Q. Is it meant to be a detailed account of what occurred?
A. No, sir, it’s not.
*573Q. In this particular report that you just looked at, he doesn’t specify from whence this information came or from whom it came; is that correct?
A. That’s correct.
Q. As a matter of fact, three different people is [sic] listed as possible sources of the information?
A. That is correct.
Q. And he doesn’t indicate who told him what?
A. That is correct.

The term “statement” as used in N.C.G.S. § 15A-903(f)(2) includes statements signed or otherwise adopted by the witness and “substantially verbatim” recitals or oral statements which are contemporaneously recorded. N.C.G.S. § 15A-903(f)(5) (1983).

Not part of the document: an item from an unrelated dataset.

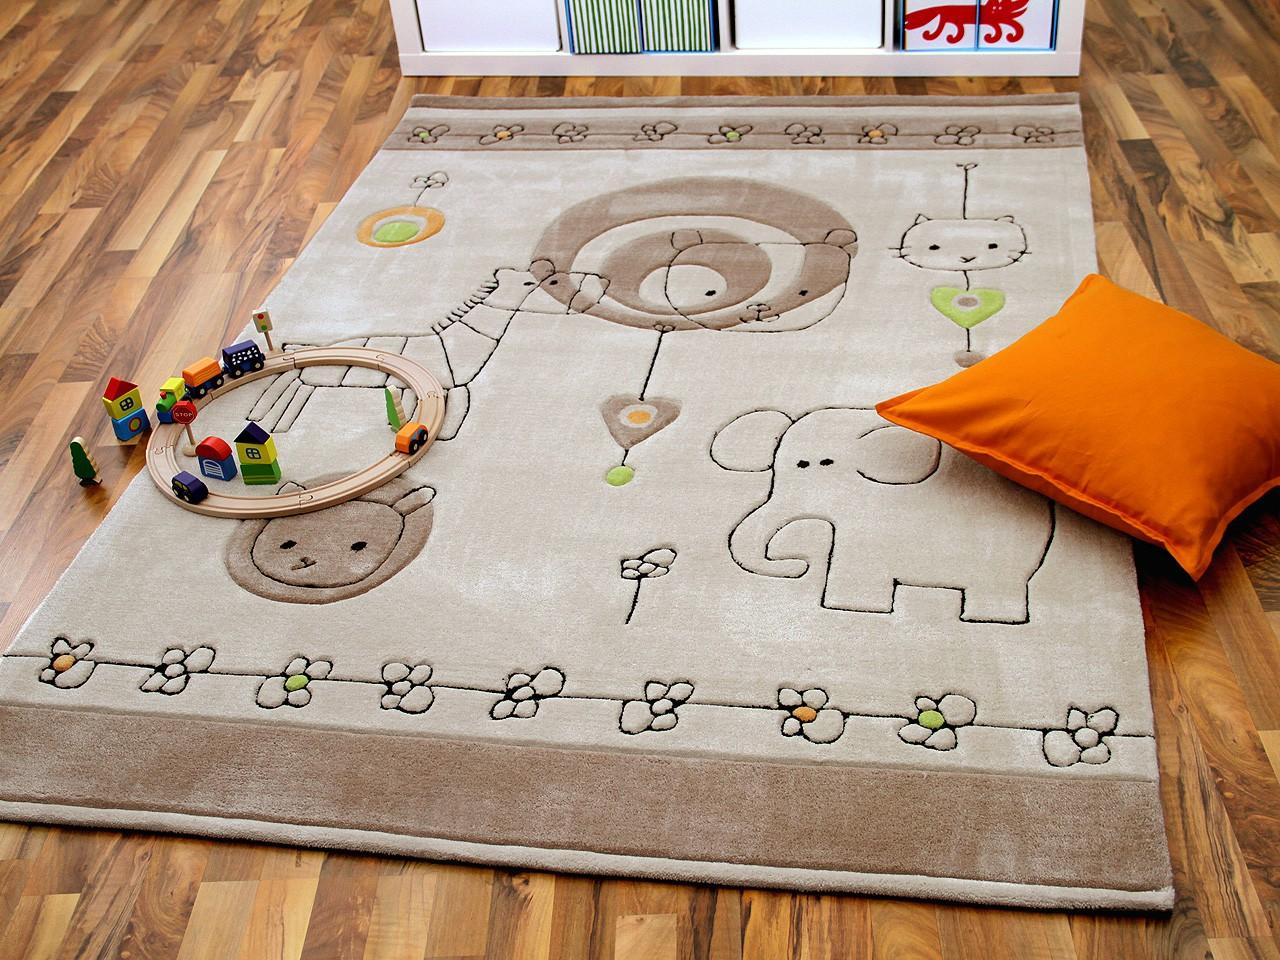 Delightful Schnes Zuhausekinder Teppich Beige Gelb Kinderteppiche 26 Kinder,  Wohnzimmer Design Amazing Design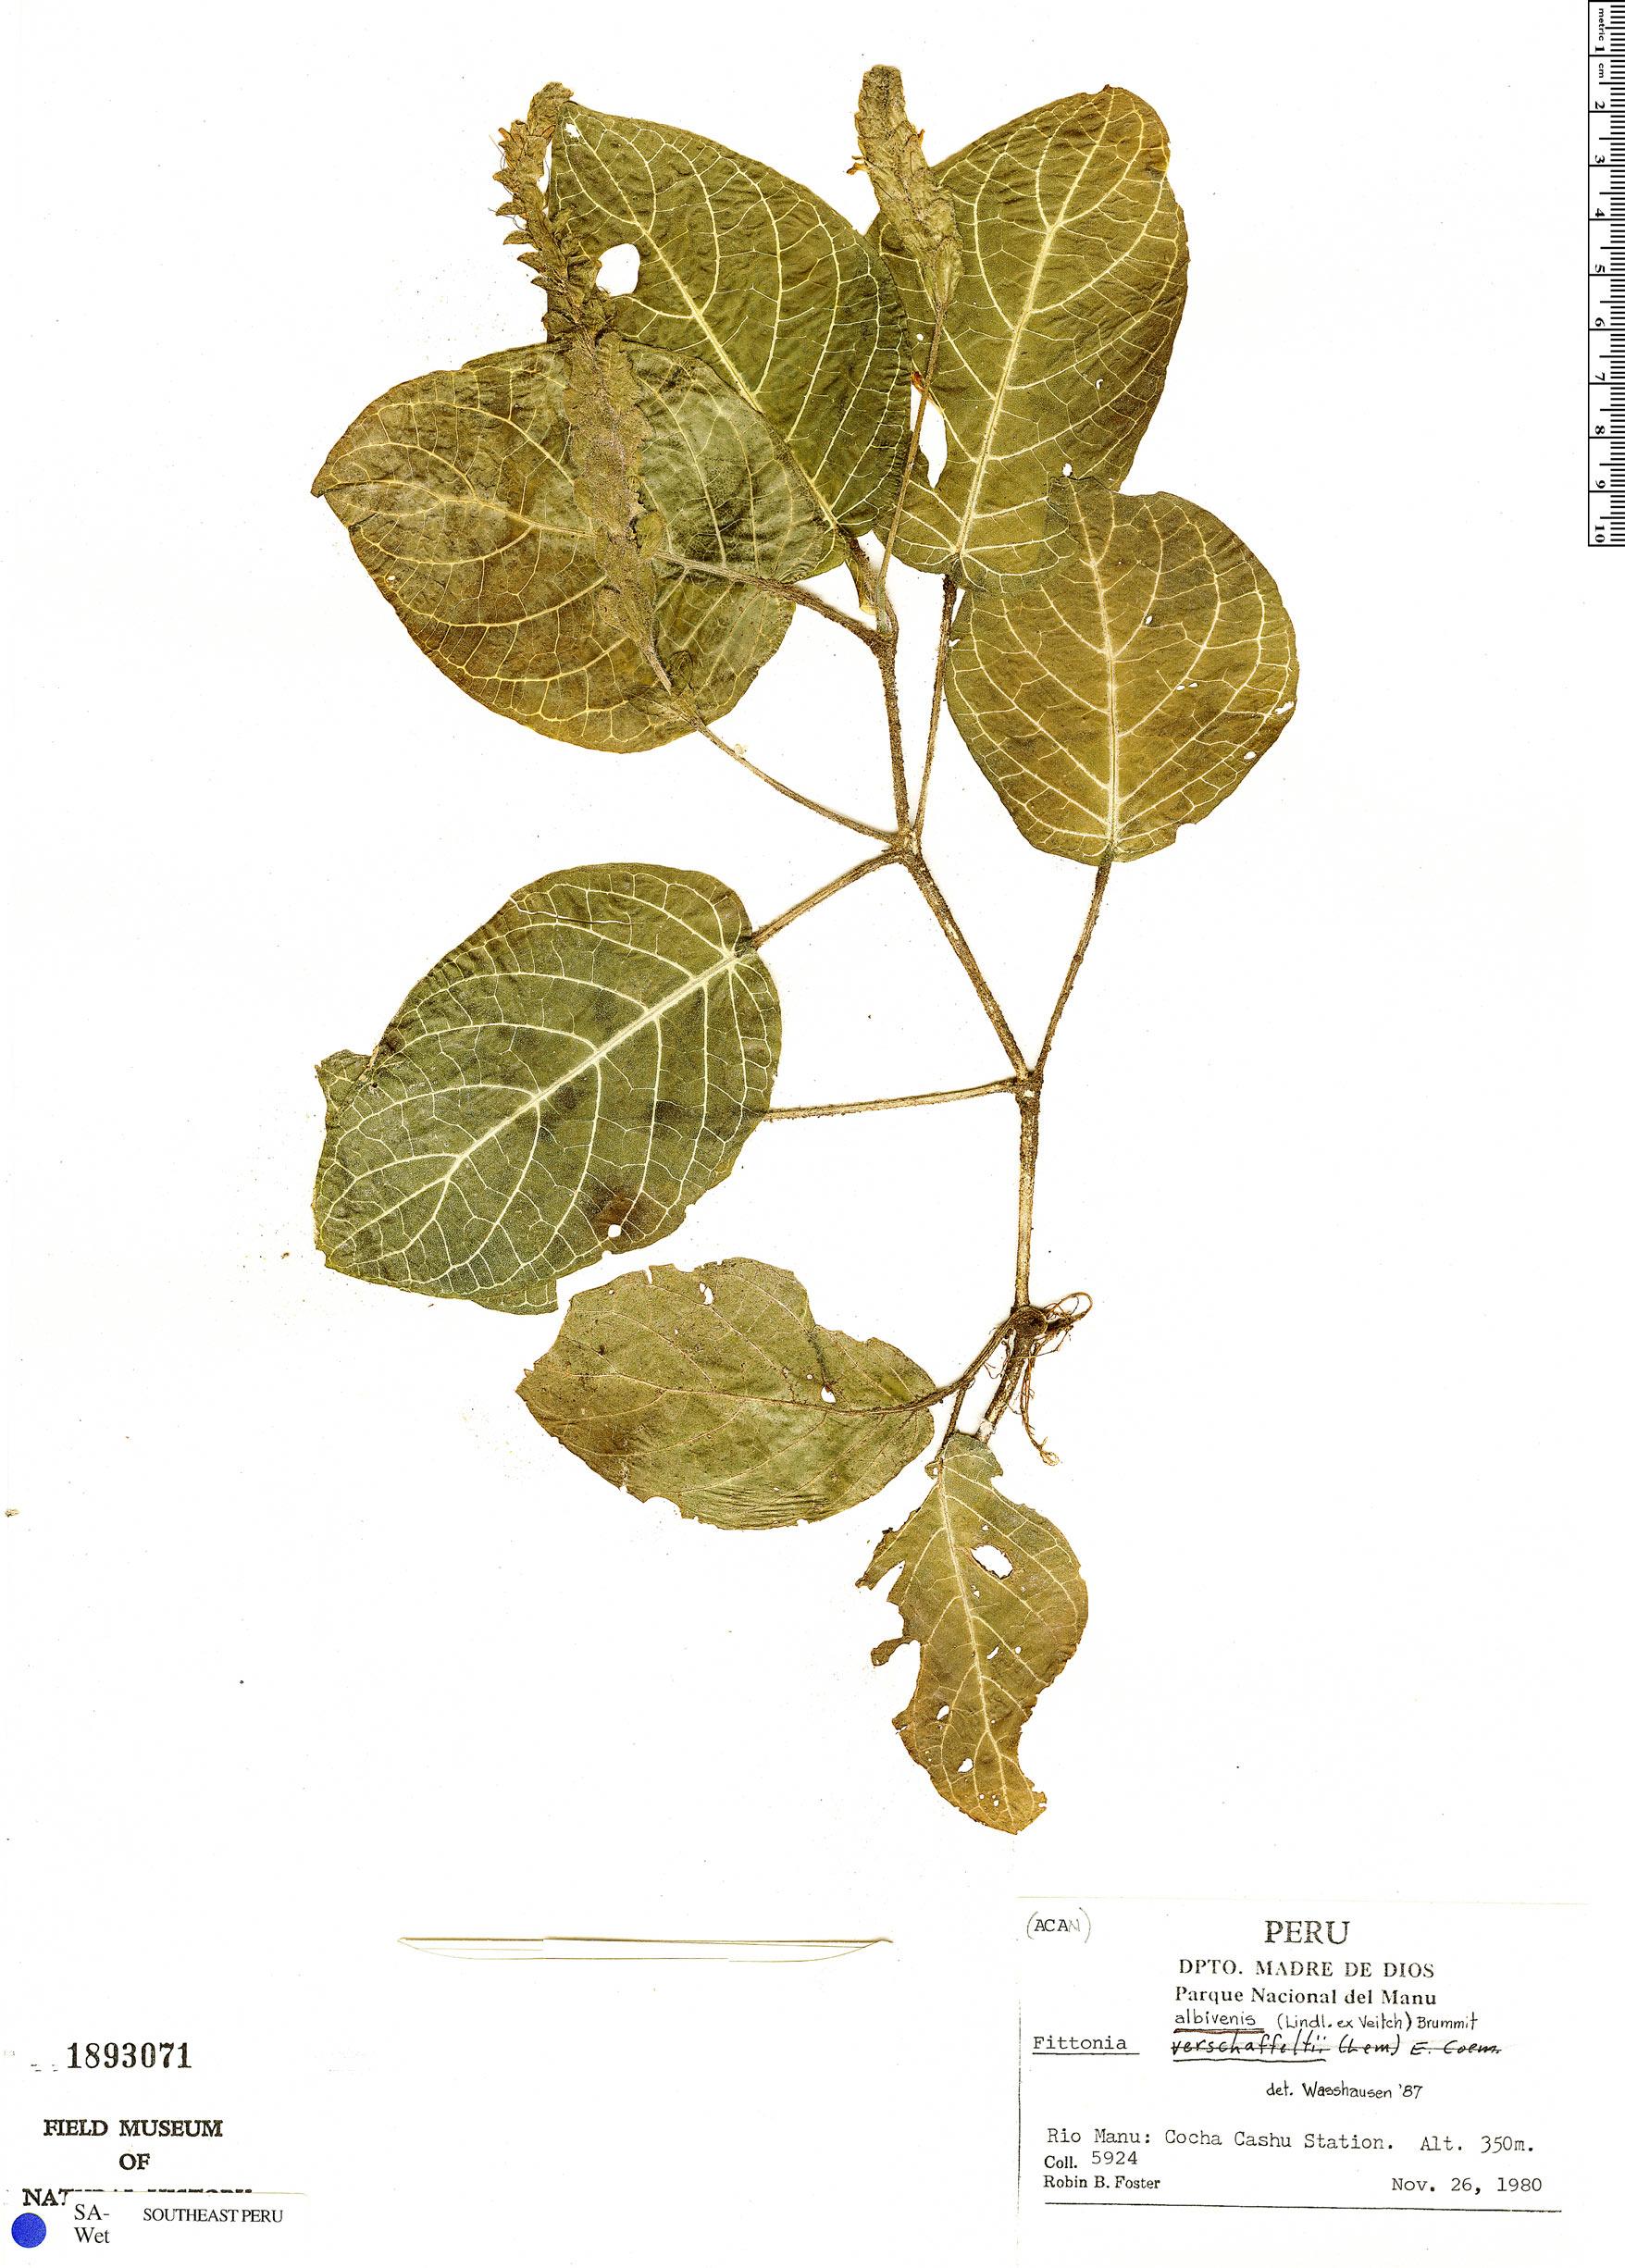 Specimen: Fittonia albivenis

Because the report in question contains only a narrative of the offense and does not attribute oral statements to any of the three witnesses mentioned therein, we conclude that it does not contain Mrs. Haselden’s prior “statement” for purposes of section 903. Defendant’s assignment of error is overruled.

[2] Defendant next challenges the validity of the life sentence imposed. She contends that the trial judge erroneously found as a nonstatutory aggravating factor that defendant’s testimony was perjured.

We first approved the use of perjury as an aggravating factor in State v. Thompson, 310 N.C. 209, 311 S.E. 2d 866 (1984). Recognizing that our decision was “fraught with potential dangers,” however, we strongly cautioned that “a trial judge should exercise extreme caution in this area and should refrain from finding perjury as an aggravating factor except in the most extreme case.” Id. at 226-27, 311 S.E. 2d at 876. We have been careful to reiterate this admonishment on each occasion on which the issue has arisen. See State v. Rogers, 316 N.C. 203, 341 S.E. 2d 713 (1986); State v. Brown, 315 N.C. 40, 337 S.E. 2d 808 (1985), cert. denied, --- U.S. ---, 90 L.Ed. 2d 733 (1986).

Experience has demonstrated that the concerns expressed in Thompson were well-founded. The “extreme case” standard has proved unworkable and our words of caution insufficient bulwarks *574against misuse of the aggravating factor. This is amply demonstrated by the facts of this case. Here, the only evidence of perjury was the fact that defendant’s testimony was contradicted by Shirley Haselden. The trial judge noted that the jury “by its verdict obviously found that the defendant’s testimony was false.” That the trial judge’s finding of perjury was conjectural is certain.

Because a trial judge’s determination of the factor is basically dependent upon his subjective evaluation of the defendant’s demeanor, we find it impossible to formulate adequately concrete guidelines to prevent future erroneous findings. In the interests of justice, we therefore hold that perjury may no longer constitute a nonstatutory aggravating factor in North Carolina. If the facts of the particular case warrant it, a defendant who commits perjury may be prosecuted under a separate indictment for that offense. In so ruling, we intend no criticism of the trial judges who have wrestled unsuccessfully with this problematic sentencing issue.

The rule herein announced shall be effective in all sentencing hearings commencing on or after the certification date of this opinion, including the resentencing of this defendant. Prior case law is overruled to the extent that it conflicts with this decision. This cause is remanded to the Superior Court, Cumberland County, for a new sentencing hearing.

Remanded for new sentencing hearing.